Better, if you do have backups, just drop your database, reconstitute a new one (using your schema definition file which you should have saved,) and load your most recent backup. I've dealt with disk file level corruption and the best way to deal with it IMHO is not to deal with it at all.

Zenst · on May 15, 2013

^^This

Still true today and as I say backup don't fuckup and plan for the worst and let Murphies law work in your favour.

PhantomGremlin · on May 15, 2013

Since "dribbble.com" appears to be "taking a timeout for maintenance" I can't at a glance determine what, exactly, they do. So maybe they're a bunch of hobbyists. But if not ...

I don't understand how a "real" company, even in todays overheated environment of soon-to-fail hipster startups, doesn't do (at least) one of these two things: a) have competent employees on staff that are intimately familiar with their critical infrastructure and how to support it or b) pay, yes, gasp, pay some other company for professional support services. A glance at the Wikipedia entry for Postgres shows some possible companies that do that. Or, as already mentioned, there are mailing lists.

But twitter? Really? That's support? For someone other than a hobbyist running a website in their spare time?

Go ahead, flame me. But my first impression is "amateur hour". My apologies if dribbble.com really is an amateur effort.

Xylakant · on May 15, 2013

Even people intimately familiar with a pieces of infrastructure - hardware or software - can't possibly know all failure modes. Asking on twitter about an obscure error that you've never seen doesn't cost anything and may be very well just one way of finding a fix. It's akin to asking on IRC or writing a mail to a mailing list - something which you seem to condone. I fail to see how it's any less professional.

papsosouid · on May 15, 2013

>It's akin to asking on IRC or writing a mail to a mailing list

No it isn't. It is akin to shouting at random people on the street "help I don't know what to do!". Asking on IRC on a mailing list is going to a group of people who are there specifically to help people with problems on that subject.

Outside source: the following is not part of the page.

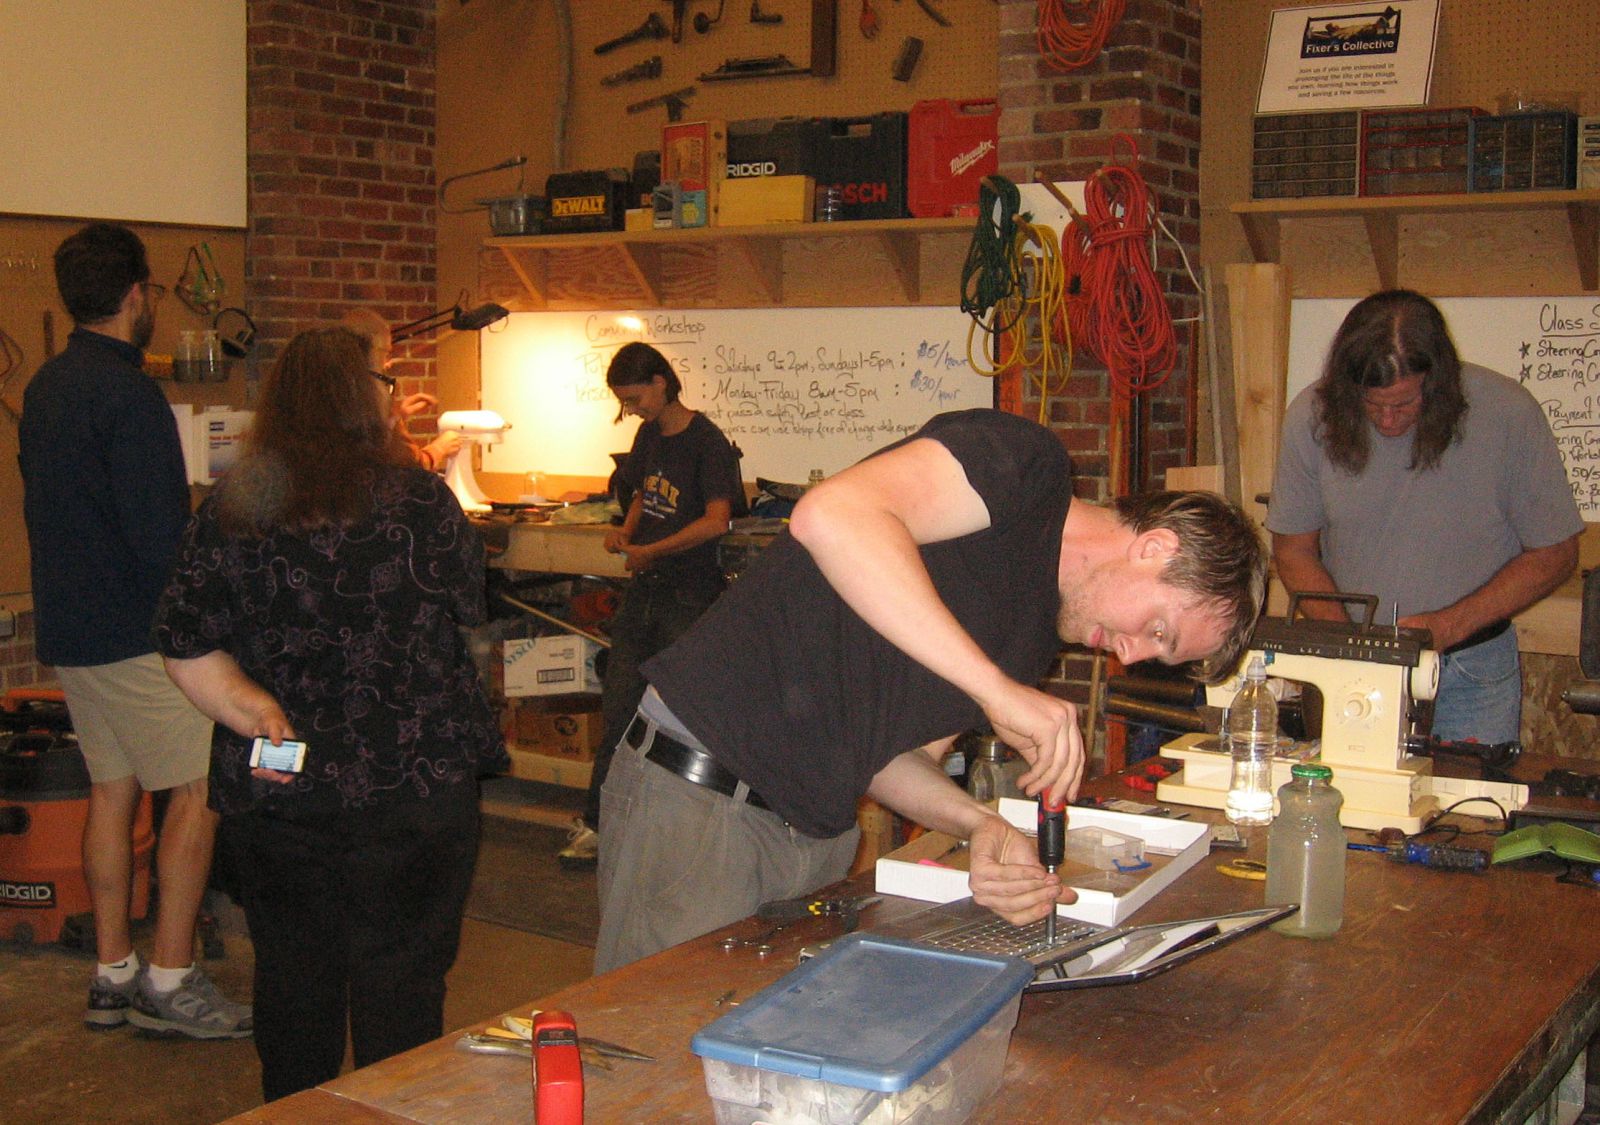 West Seattle Fixers’ Collective at work. Photo West Seattle Tool Library

Xylakant · on May 15, 2013

If I had the reasonable expectation to find somebody qualified willing to help on the street with practically no effort I'd go that route as well. It's just very time consuming to do so, so that's why I usually don't.

papsosouid · on May 15, 2013

That's precisely the point though, it isn't a reasonable expectation. The odds of a postgresql expert just happening to follow them on twitter are poor. The odds of multiple postgresql experts being on the postgresql mailing list is quite high.

Xylakant · on May 16, 2013

Sure, the chances of finding an expert are low, but you'd be surprised how well it works. See, the tweet was posted to HN by someone and the chances of finding a Postgres expert here are significantly higher. More important is that the costs are low, even lower than writing to a ML. So why not try?

alexcroox · on May 15, 2013

Plenty of big sites use Twitter to inform users of down time, I prefer that, do you expect me to go hunting down their status page or just have it come up conveniently in my newsfeed...

Just google "reddit status" and check the first result.

nezza-_- · on May 15, 2013

It's the asking for help on Twitter he's criticizing, not the fact that they notify about the down time on Twitter.

BoyWizard · on May 15, 2013

Who's to say they aren't? Spending 10 seconds asking on Twitter, and getting an 'oh yeah, I had that and fixed it with x, y and z' in response sure beats staying up until 2am fixing it.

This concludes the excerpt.